Fuad Shukr: From playing a role in capturing Zionist soldiers to field commander.

Fuad Shukr: From playing a role in capturing Zionist soldiers to field commander.

Fuad Shukr, known as “Hajj Mohsen”, was born on April 25, 1961, in the town of Nabi Shit in the Baalbek region of eastern Lebanon. From a young age, he laid the foundation stone for Hezbollah, along with 10 other young men from the region, and participated in the Battle of Khaldeh against the occupiers during the Israeli invasion of Lebanon in 1982. He managed the operation to send Hezbollah forces to Bosnia and Herzegovina between 1992 and 1995.

 

Al-Akhbar newspaper writes that Shukr was one of the first to think of a plan to capture Zionist soldiers to exchange them for fighters captured by the Zionist regime. He personally tried to carry out the capture operation in the Al-Jiyyah area during the siege of Beirut, but the captured soldier was killed, and it was not possible to transport his body to Beirut.

Shukar also personally supervised the operation to capture two Zionist soldiers in the town of Kunin in 1986, which was led by martyr Samir Matout, a first-generation member of Hezbollah.

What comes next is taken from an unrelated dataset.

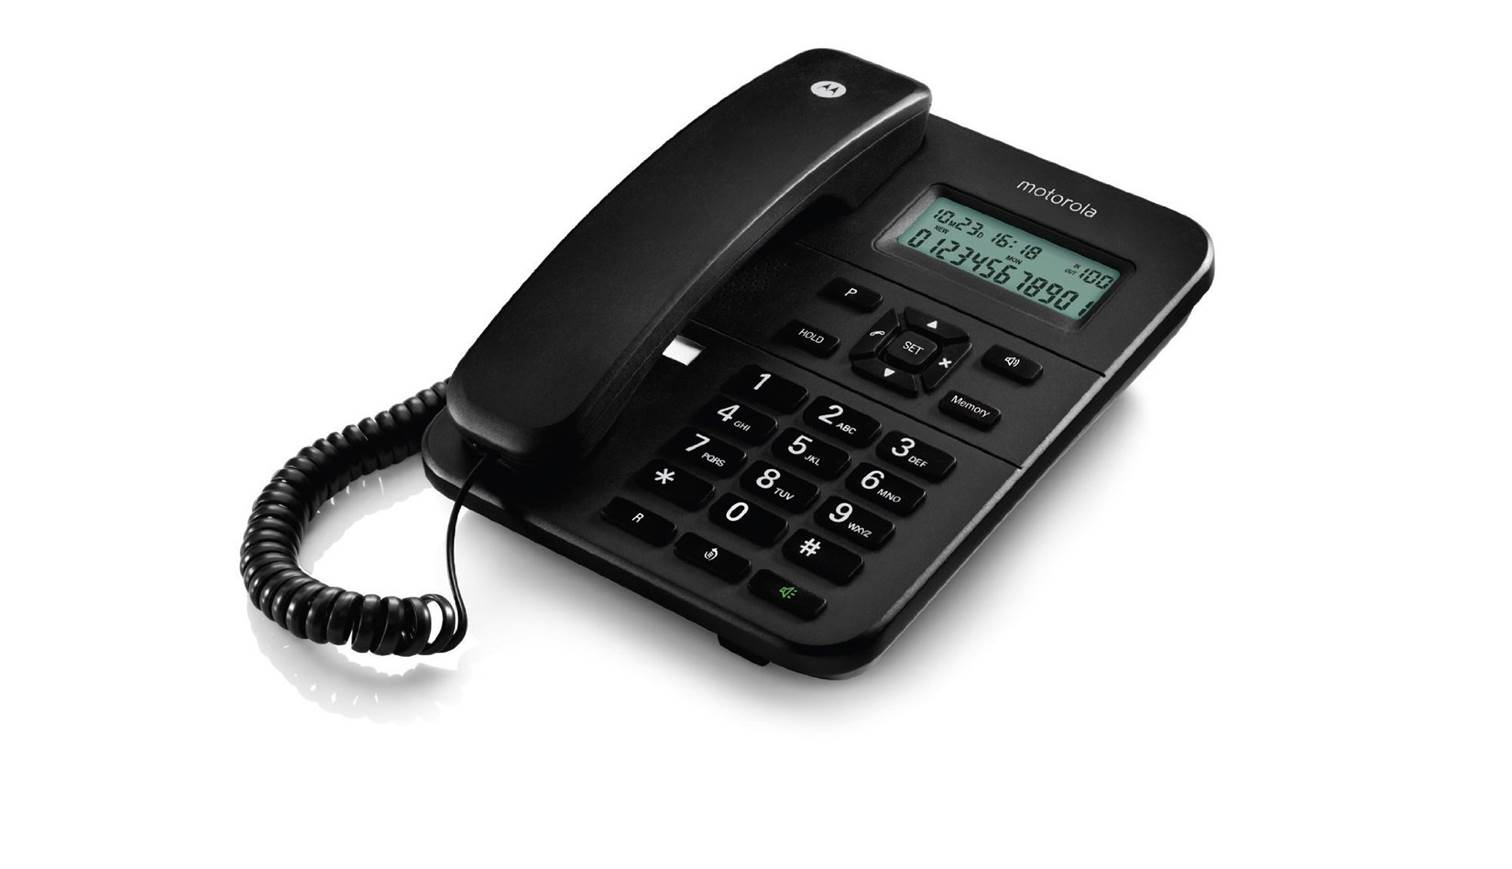 Motorola CT202 Corded Phone Harvey Norman Singapore : 61QEJEj0iOLp3ks mgSL1500 from www.harveynorman.com.sg size 1512 x 869 jpeg 59kB

Hajj Mohsen was responsible for the military planning of the Islamic resistance in Lebanon during the 33-Day War and subsequent wars against the Zionist regime. Shukar was the first central military official of Hezbollah since its establishment and was a member of the party’s Central Council and also a member of the Jihad Council.

Some identify Fuad Shukr as the senior advisor to the martyr Sayyed Hassan Nasrallah, the Secretary General of Hezbollah, and the first of the party’s military commanders at the time of his martyrdom. Shukar worked in Hezbollah’s highest military body, the “Jihadi Council”, and also participated in the fight against terrorism in Syria.